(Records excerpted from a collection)
* * * * *
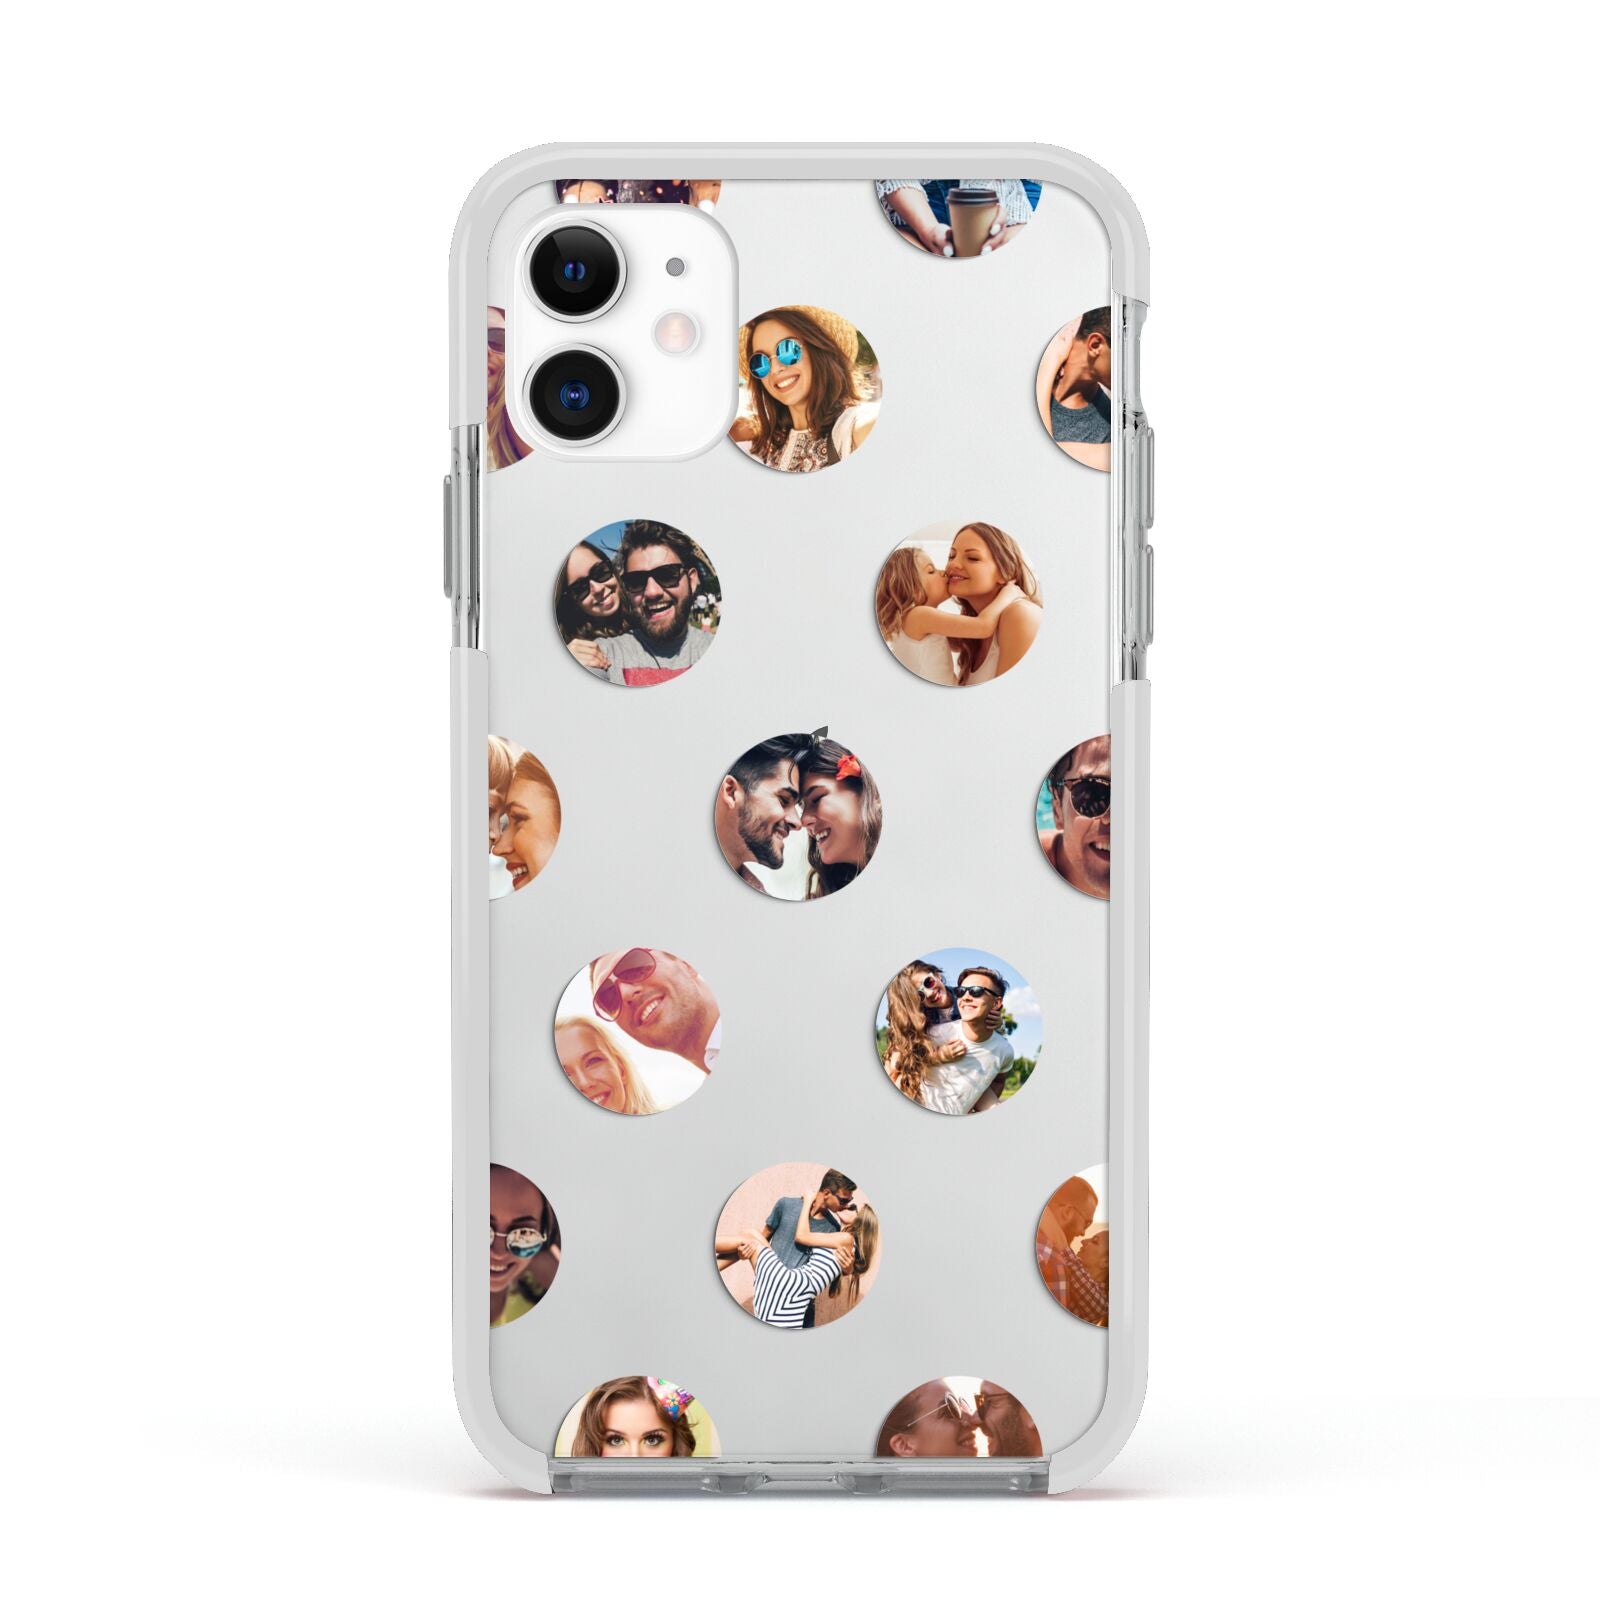 Polka Dot Photo Montage Upload Apple iPhone 11 in White with White Impact Case
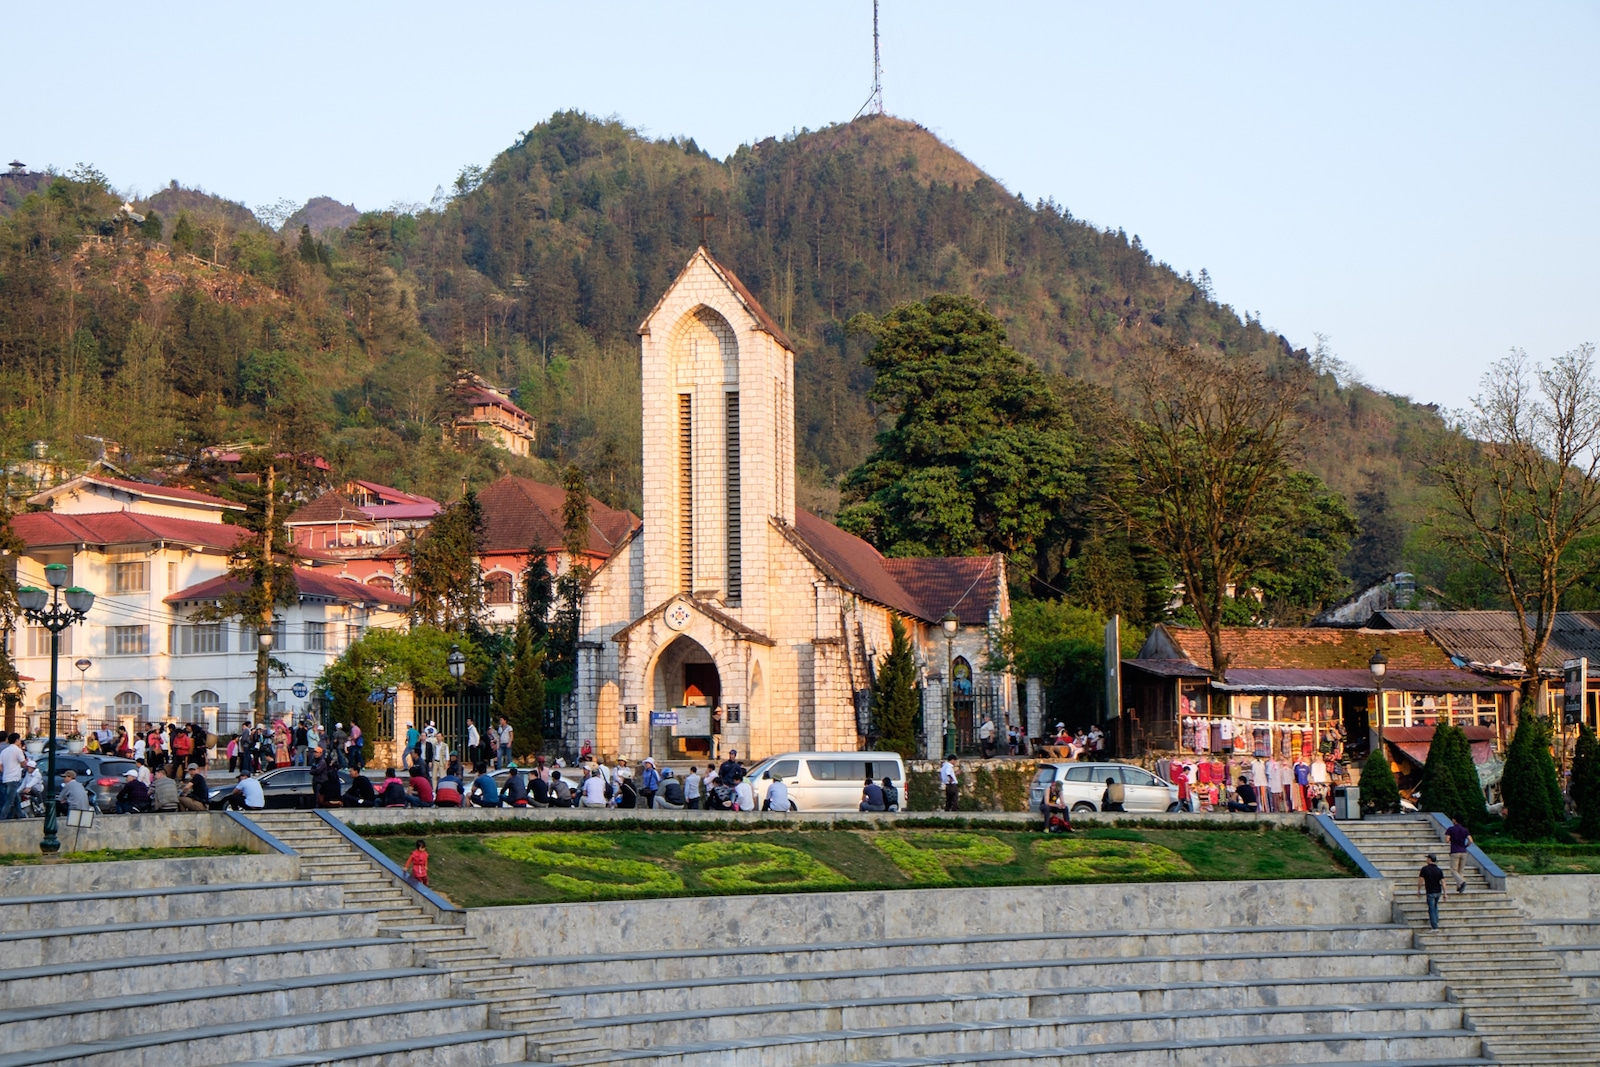 Sa Pa Stone Church, also known as the Notre Dame Cathedral Sapa, is a historic and cultural landmark in Sapa, Vietnam.
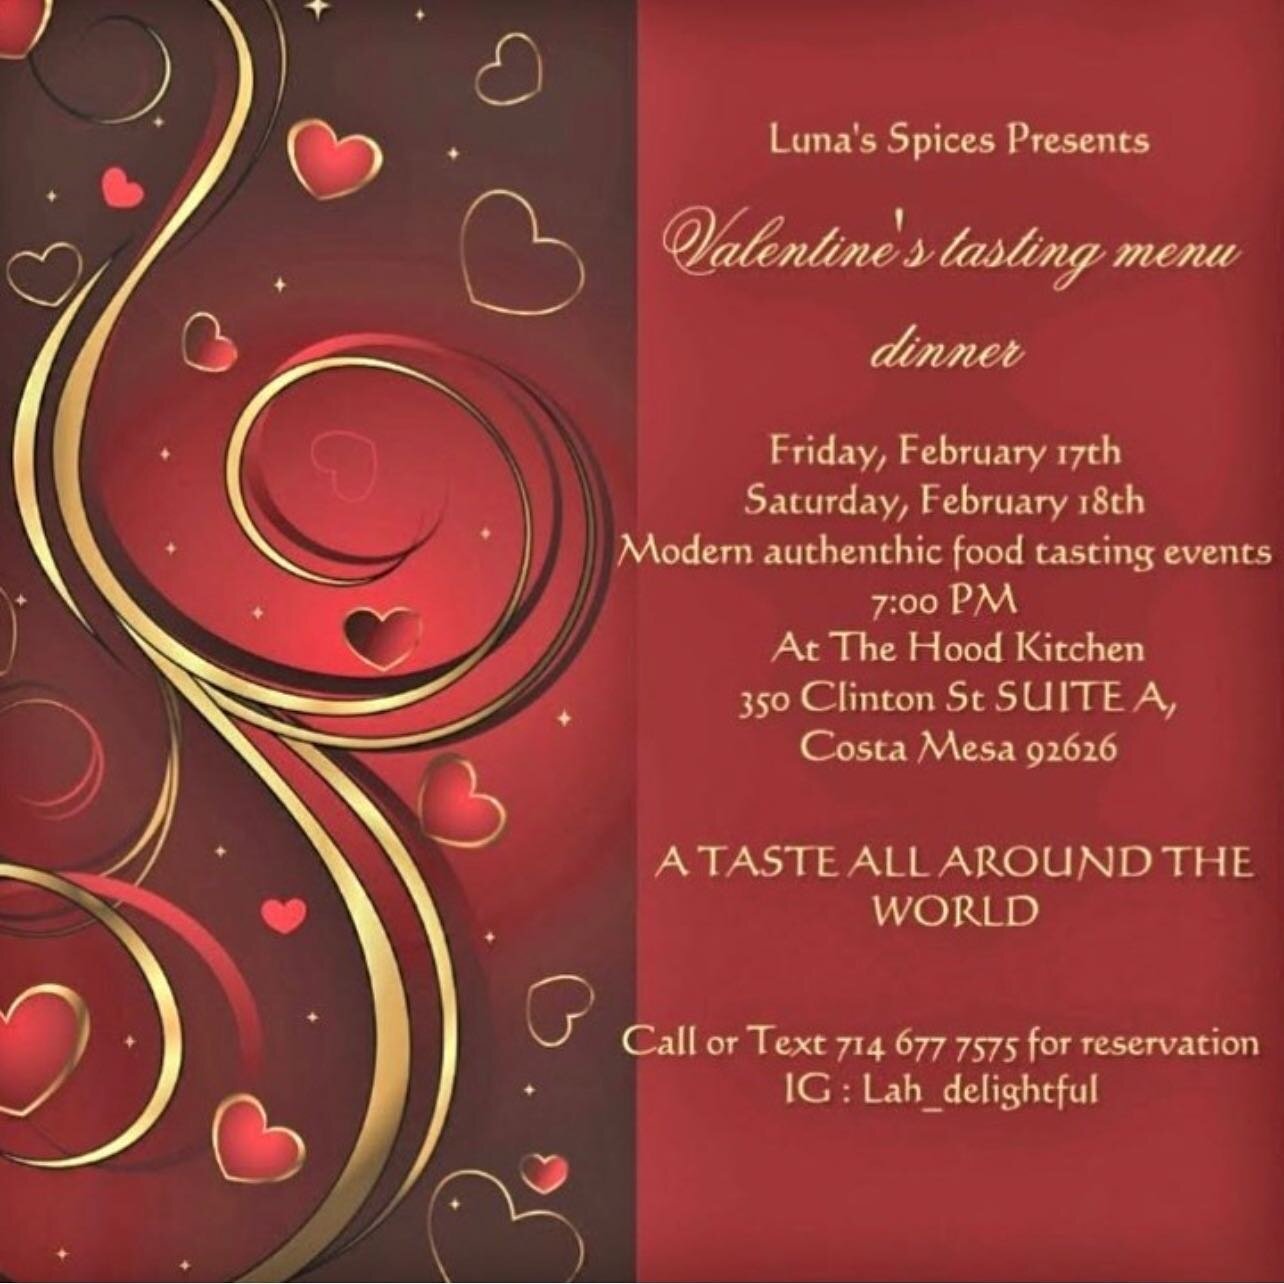 Looking for a special dinner plan for your favorite loved one for  Valentine&rsquo;s weekend? ✨&hearts;️

Join Luna Spices Valentine&rsquo;s Tasting Menu at the Hood Kitchen!

Call or text to reserve your spot!

#lunaspices #thehoodkitchen #costamesa
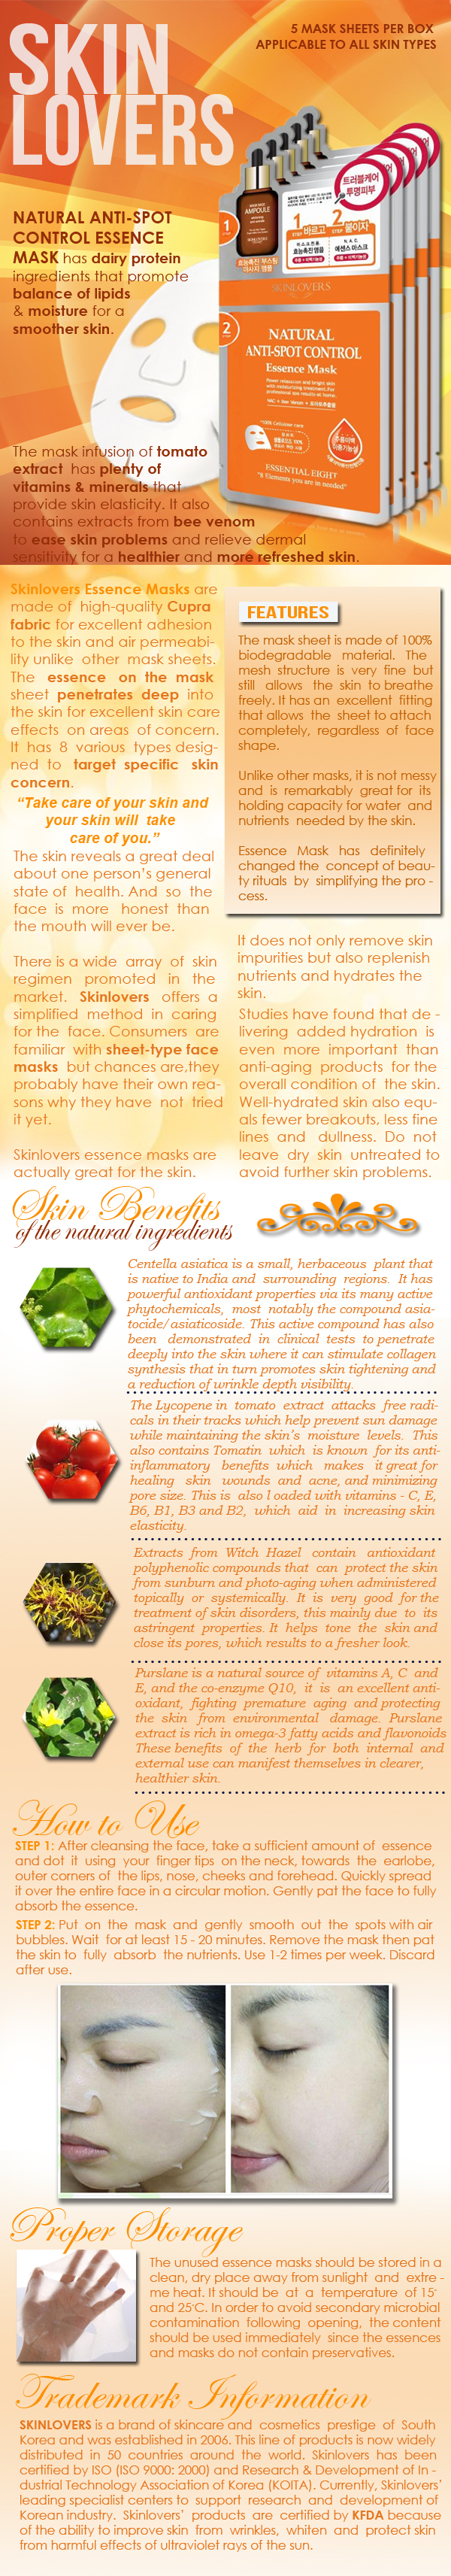 Skinlovers Natural Anti-Spot Control Essence Mask Product Information
* * * * *
Task requirements: Set down all of the data word for word; no pictures belong in it.

Result below:
 Polka Dot Photo Montage Upload Apple iPhone 11 in White with White Impact Case
 Sa Pa Stone Church, also known as the Notre Dame Cathedral Sapa, is a historic and cultural landmark in Sapa, Vietnam.
 Looking for a special dinner plan for your favorite loved one for  Valentine&rsquo;s weekend? ✨&hearts;️

Join Luna Spices Valentine&rsquo;s Tasting Menu at the Hood Kitchen!

Call or text to reserve your spot!

#lunaspices #thehoodkitchen #costamesa
 Skinlovers Natural Anti-Spot Control Essence Mask Product Information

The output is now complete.